If the ideal is homogeneous then the optional second argument
will be used as 1st Hilbert function.
If the ideal is not homogeneous and if the ordering is either
dp or non-global then std is called.

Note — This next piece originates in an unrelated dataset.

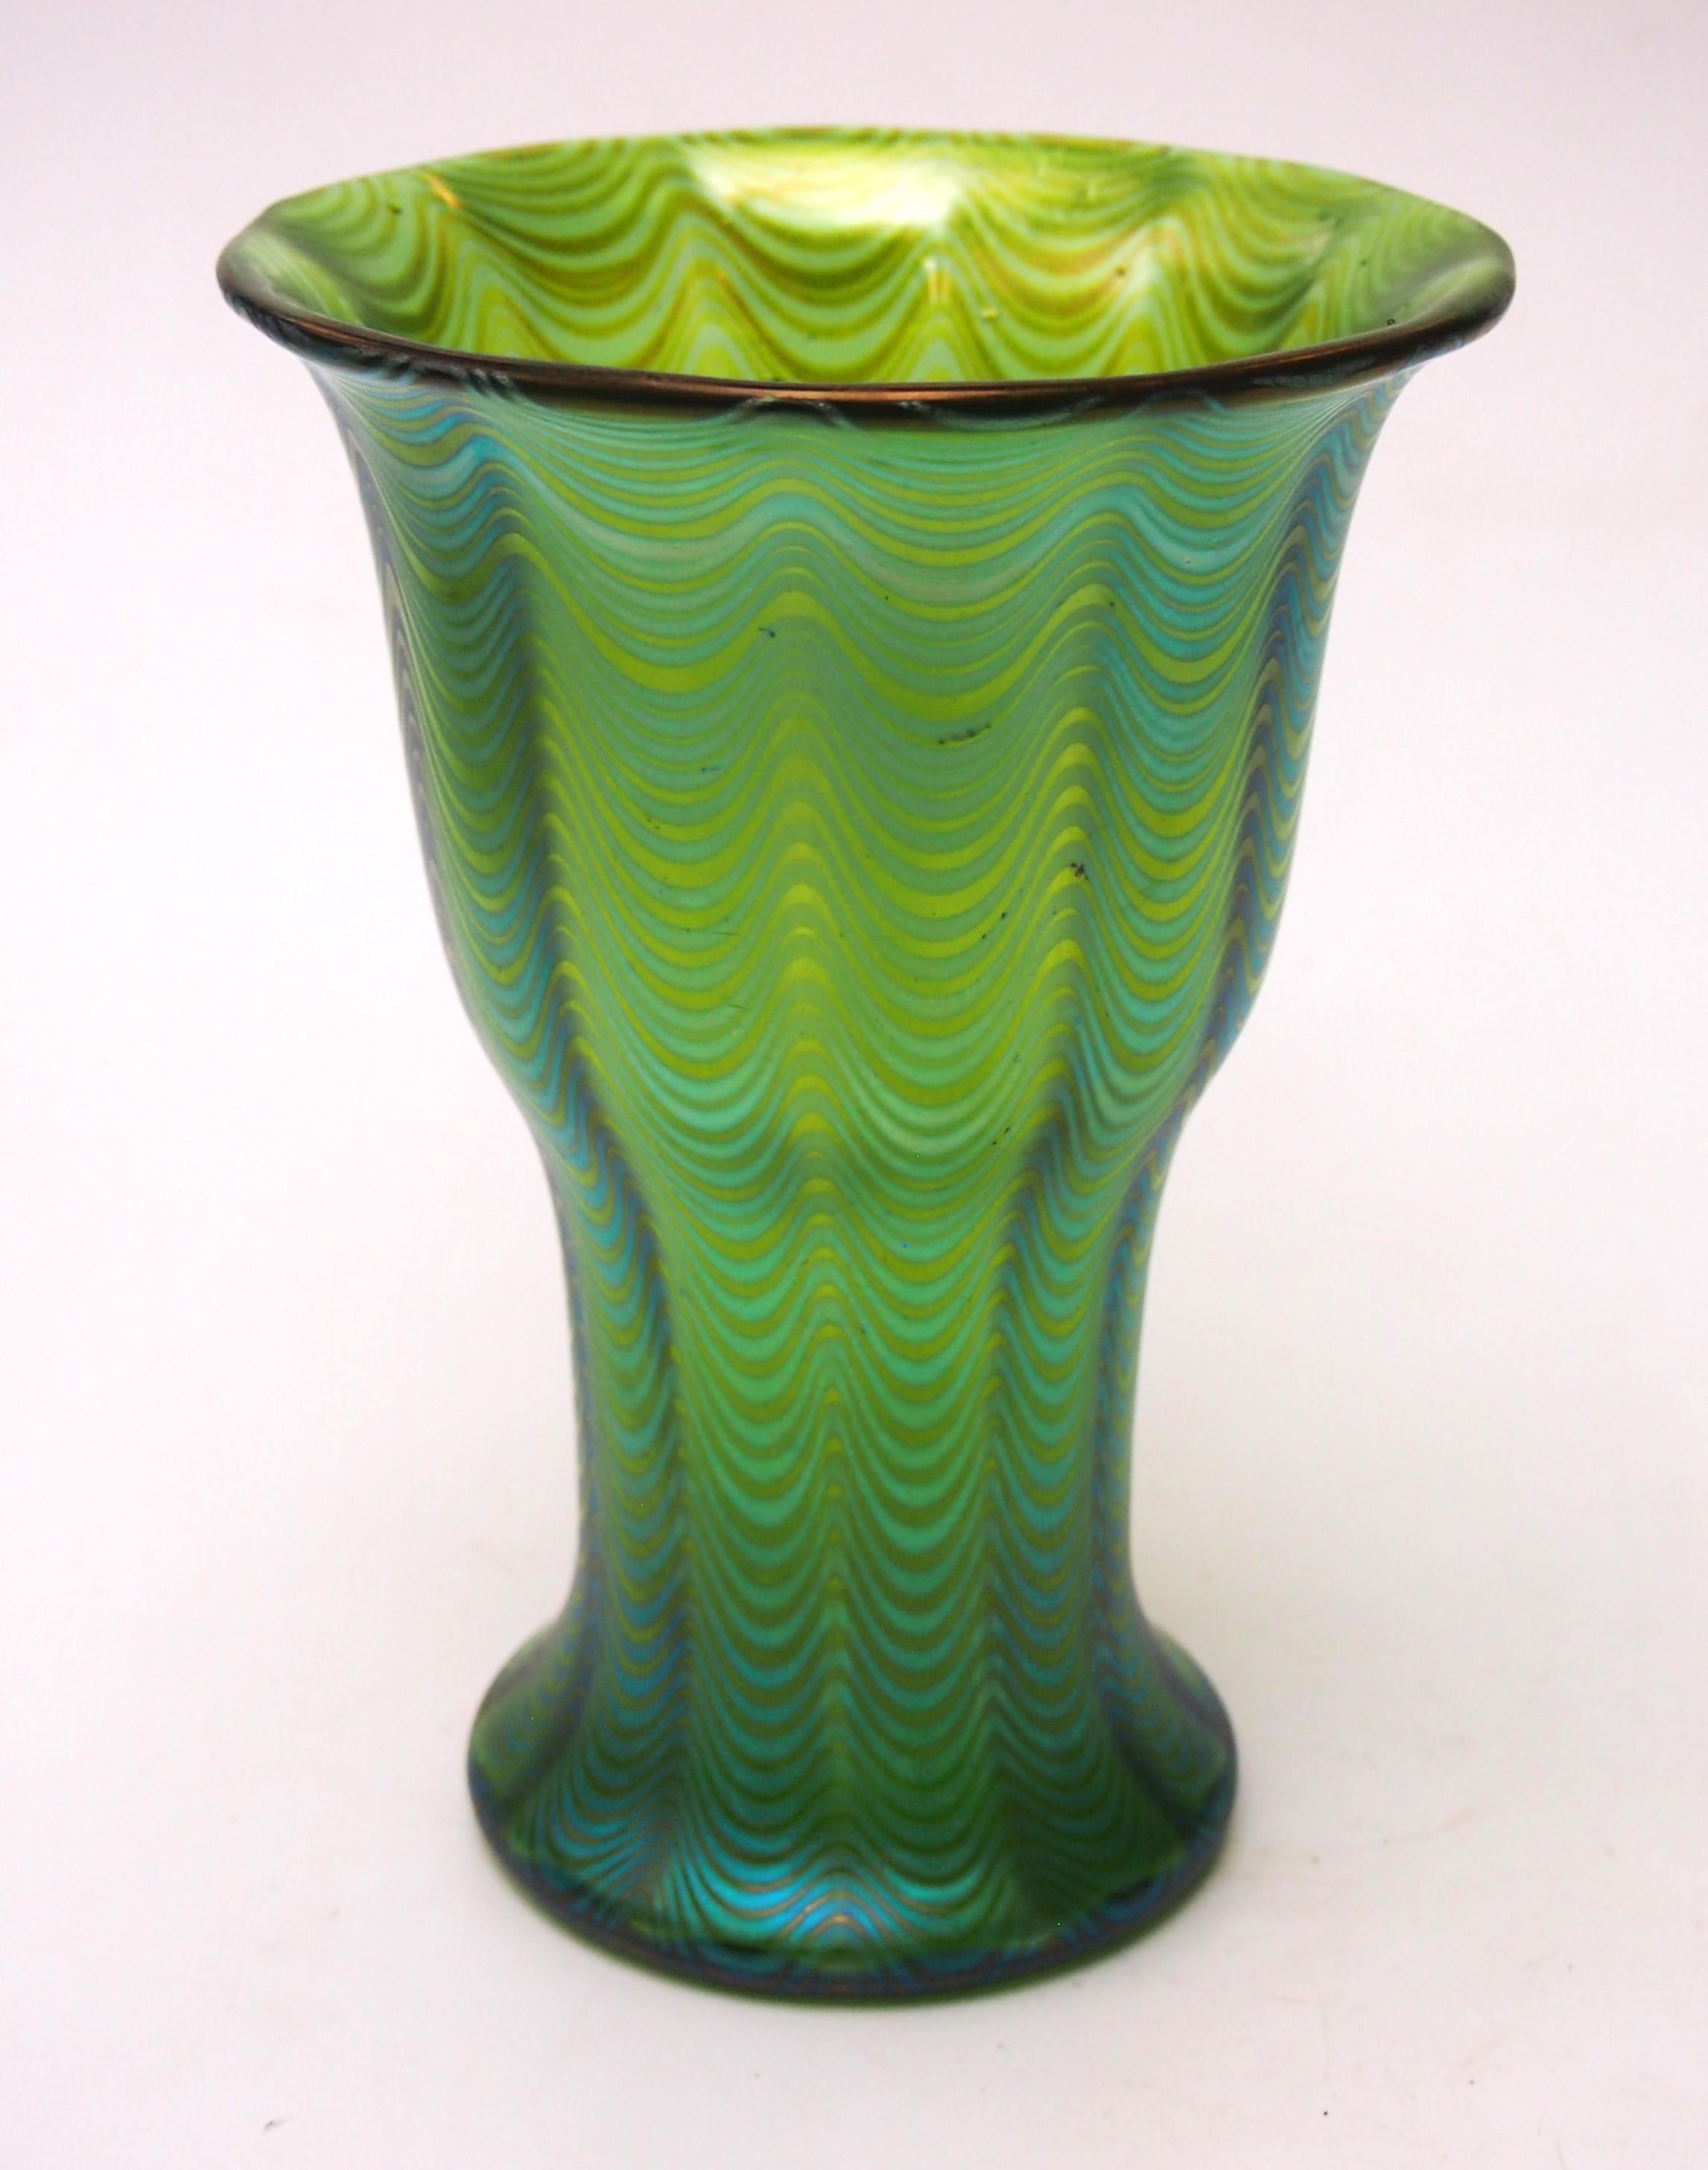 Un superbe vase Loetz Phaenomen entièrement documenté. Cet exemple est documenté par le motif PG 6893 de Phaenomen et la couleur est appelée Calle (vert) - Le motif PG 6893  Les fils sont dessinés en forme de vague dans un moule (souvent un moule

For other
orderings, stdhilb computes the Hilbert series of the
homogenized ideal (by applying std in a ring with dp
ordering) and uses the result to navigate the standard basis
computation with respect to the given ordering.
- Assume:
- The optional second argument is the output of
hilb(j,1) , where
j is a standard basis for the given (homogeneous) ideal.
Example:
| ring r=0,(w,x,y,z),lp;
ideal i=y3+x2w,x2y+x2w,x3-x2w,z4-x2w2-yw3;
ideal i1=stdhilb(i); i1;
==> i1[1]=z12
==> i1[2]=yz8
==> i1[3]=y2z4
==> i1[4]=xy3+y4
==> i1[5]=x2z4
==> i1[6]=x2y-y3
==> i1[7]=x3+x2y
==> i1[8]=wy3-x3y
==> i1[9]=wx2-x3
==> i1[10]=w3y+w2x2-z4
// the latter computation is equivalent to:
ring R=0,(w,x,y,z),dp;
ideal i=y3+x2w,x2y+x2w,x3-x2w,z4-x2w2-yw3;
intvec v=hilb(std(i),1);
setring r;
ideal i2=std(i,v); i2;
==> i2[1]=z12
==> i2[2]=yz8
==> i2[3]=y2z4
==> i2[4]=xy3+y4
==> i2[5]=x2z4
==> i2[6]=x2y-y3
==> i2[7]=x3+x2y
==> i2[8]=wy3-x3y
==> i2[9]=wx2-x3
==> i2[10]=w3y+w2x2-z4
| See also:
groebner;
std;
stdfglm.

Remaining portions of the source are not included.